[Supplied data]:
───
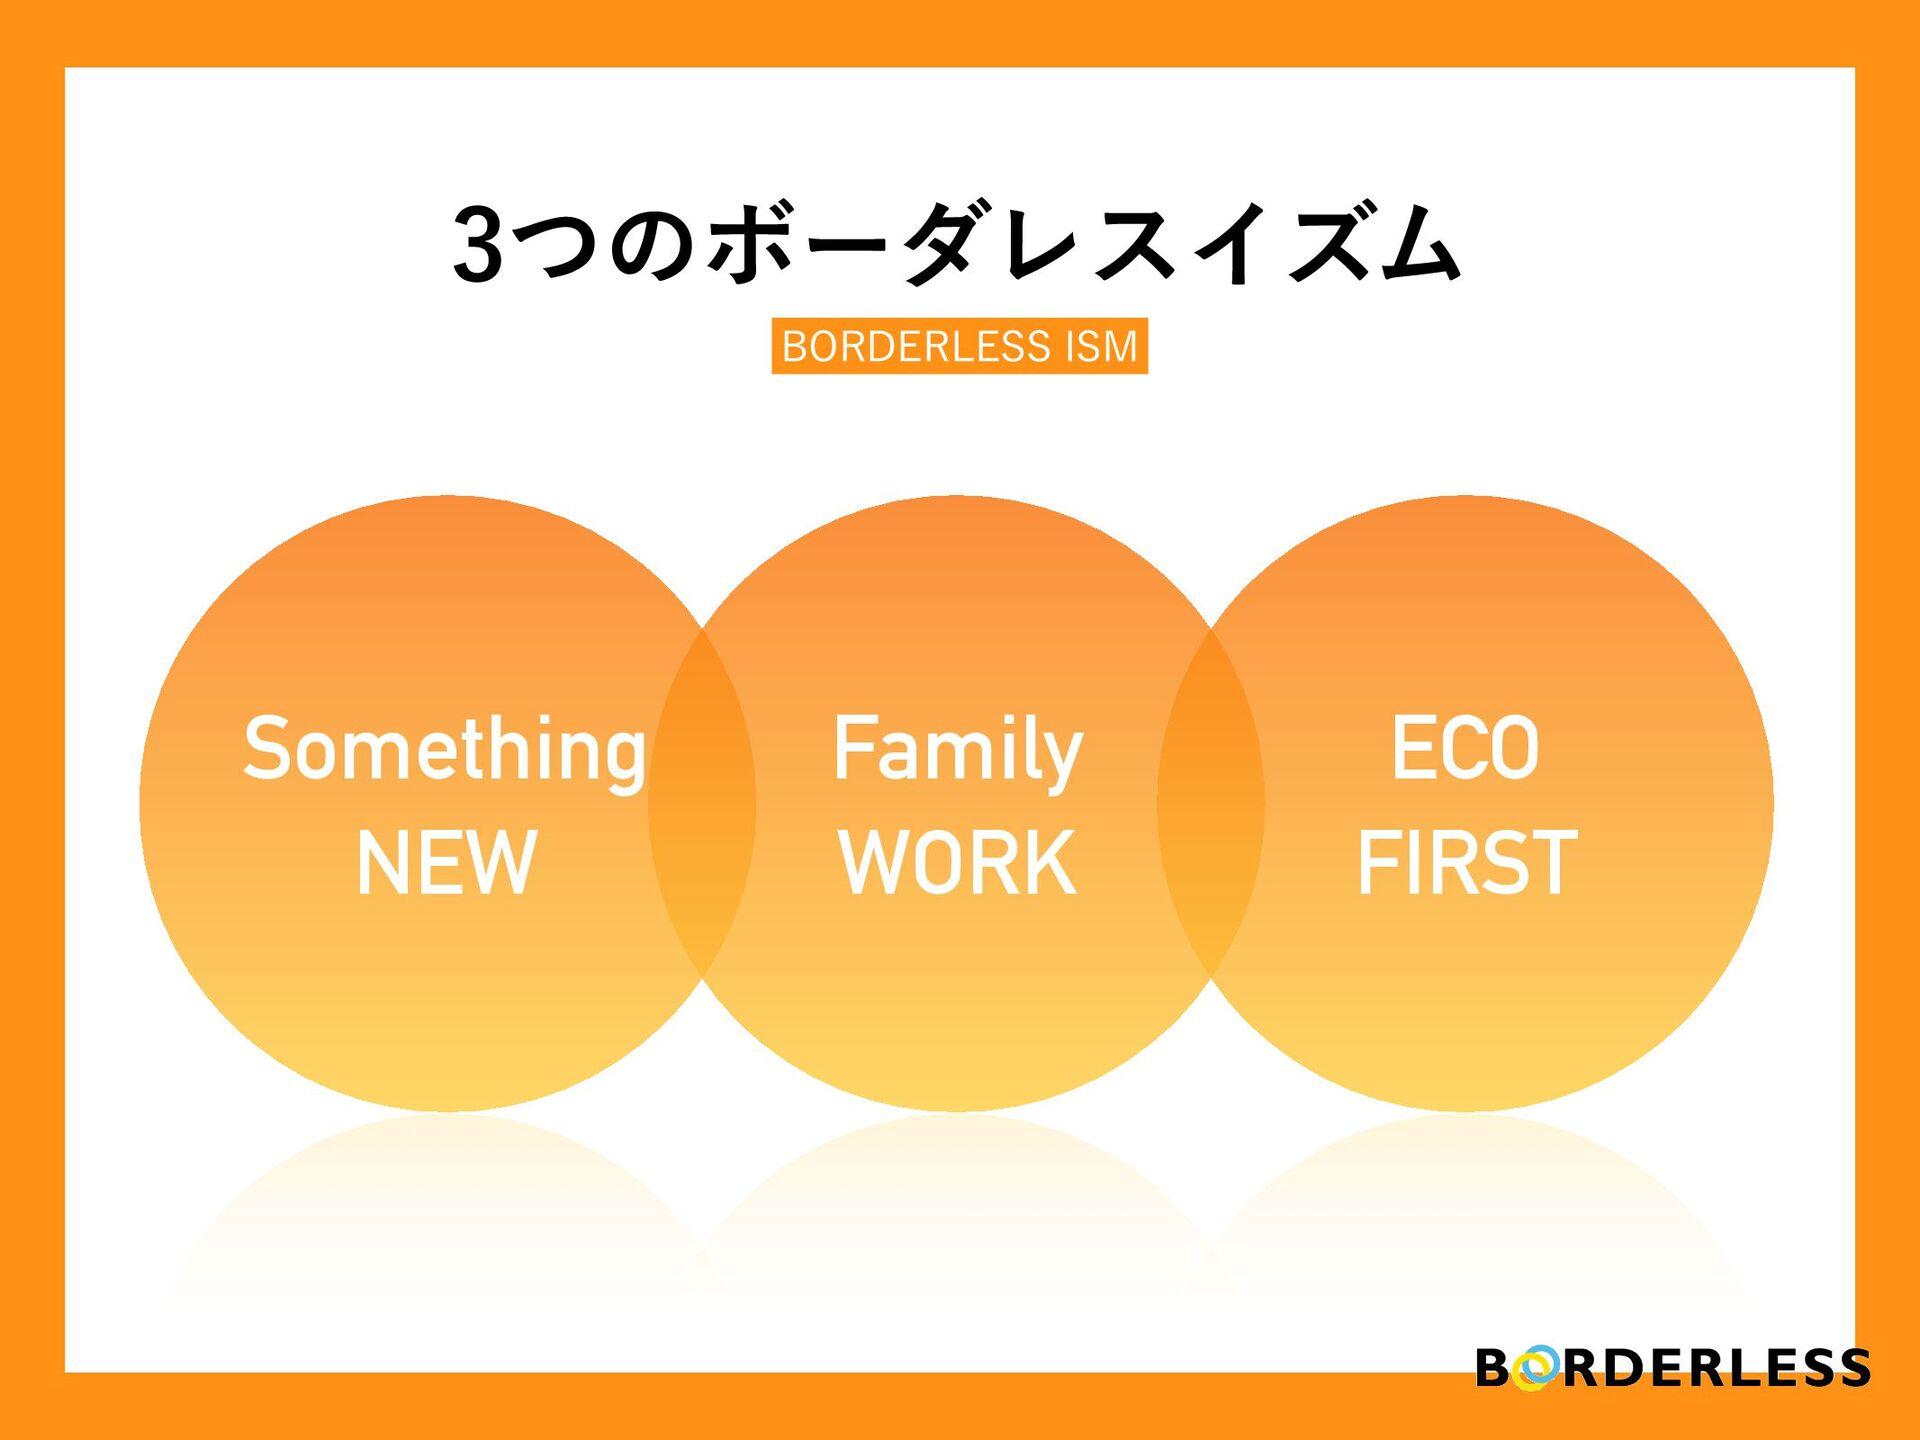 N Something NEW Family WORK ECO FIRST ͭͷϘʔμϨεΠ...
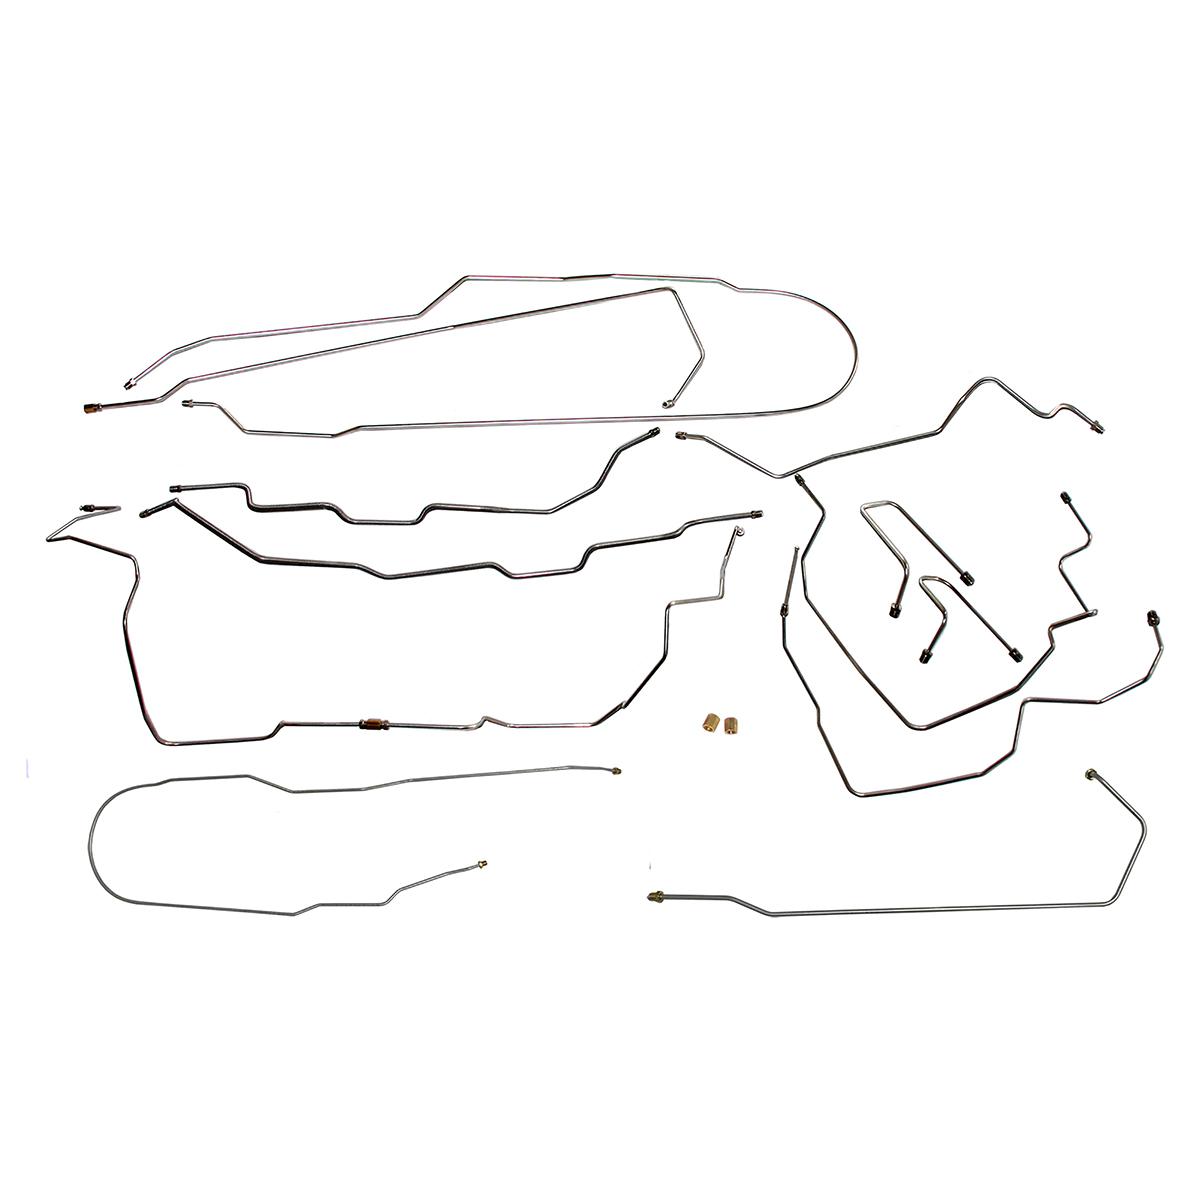 25 Chevy Tahoe Brake Line Diagram
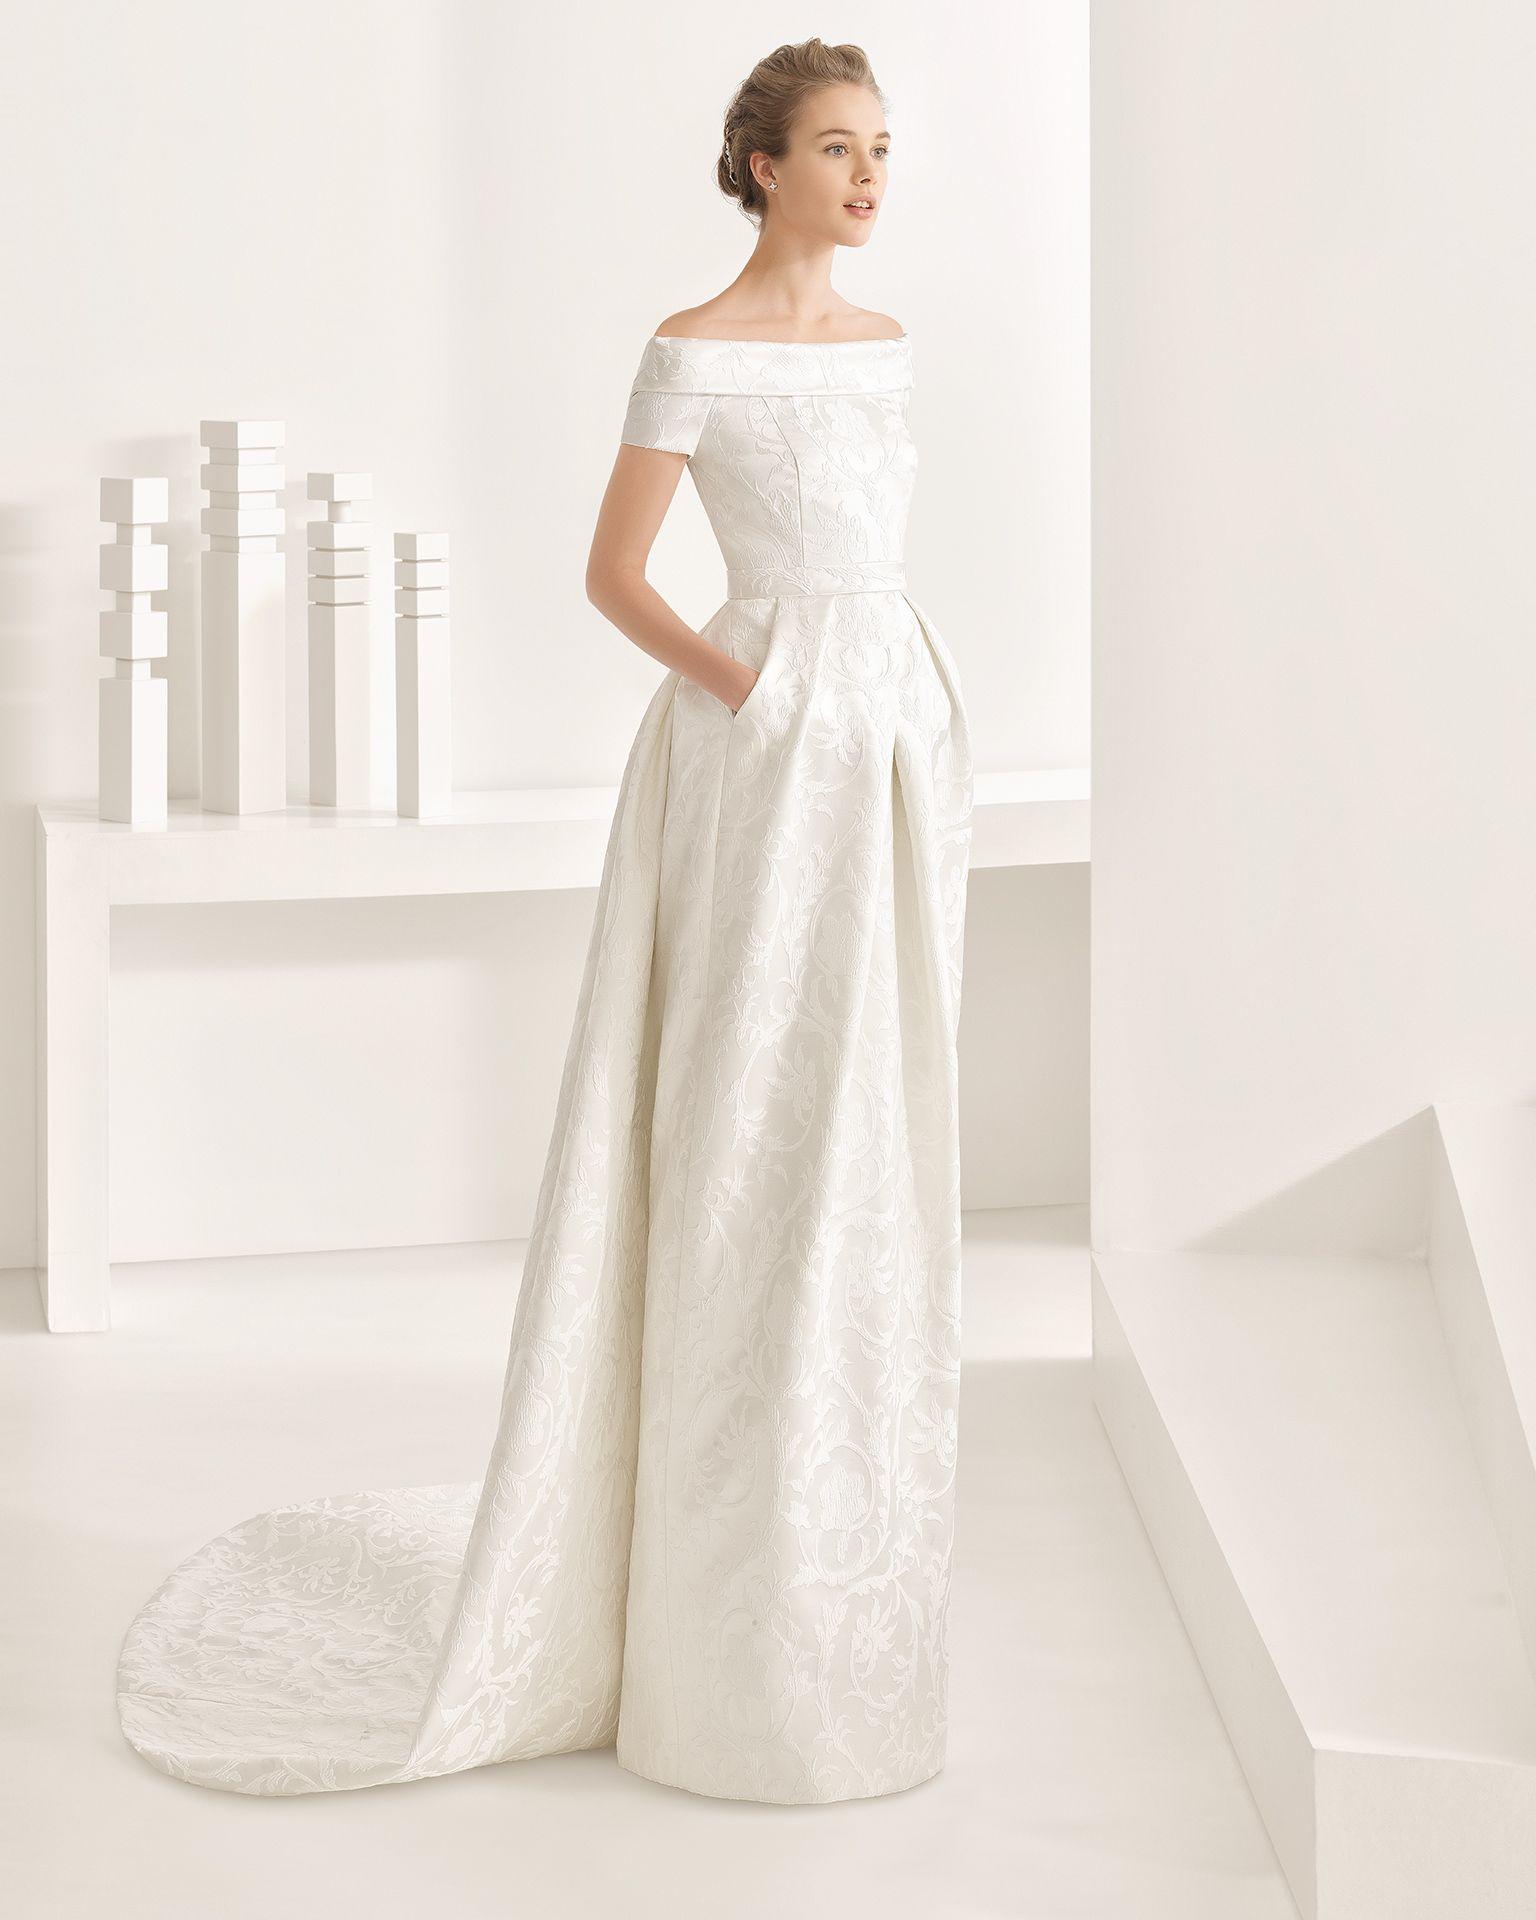 Nambia - 2017 Bridal Collection. Rosa Clará. | Pinterest | Wedding ...
───
[Task instructions]: A word-for-word copy of the listing is needed. It must not include the pictures.

[Finished task]:
 N Something NEW Family WORK ECO FIRST ͭͷϘʔμϨεΠ...
 25 Chevy Tahoe Brake Line Diagram
 Nambia - 2017 Bridal Collection. Rosa Clará. | Pinterest | Wedding ...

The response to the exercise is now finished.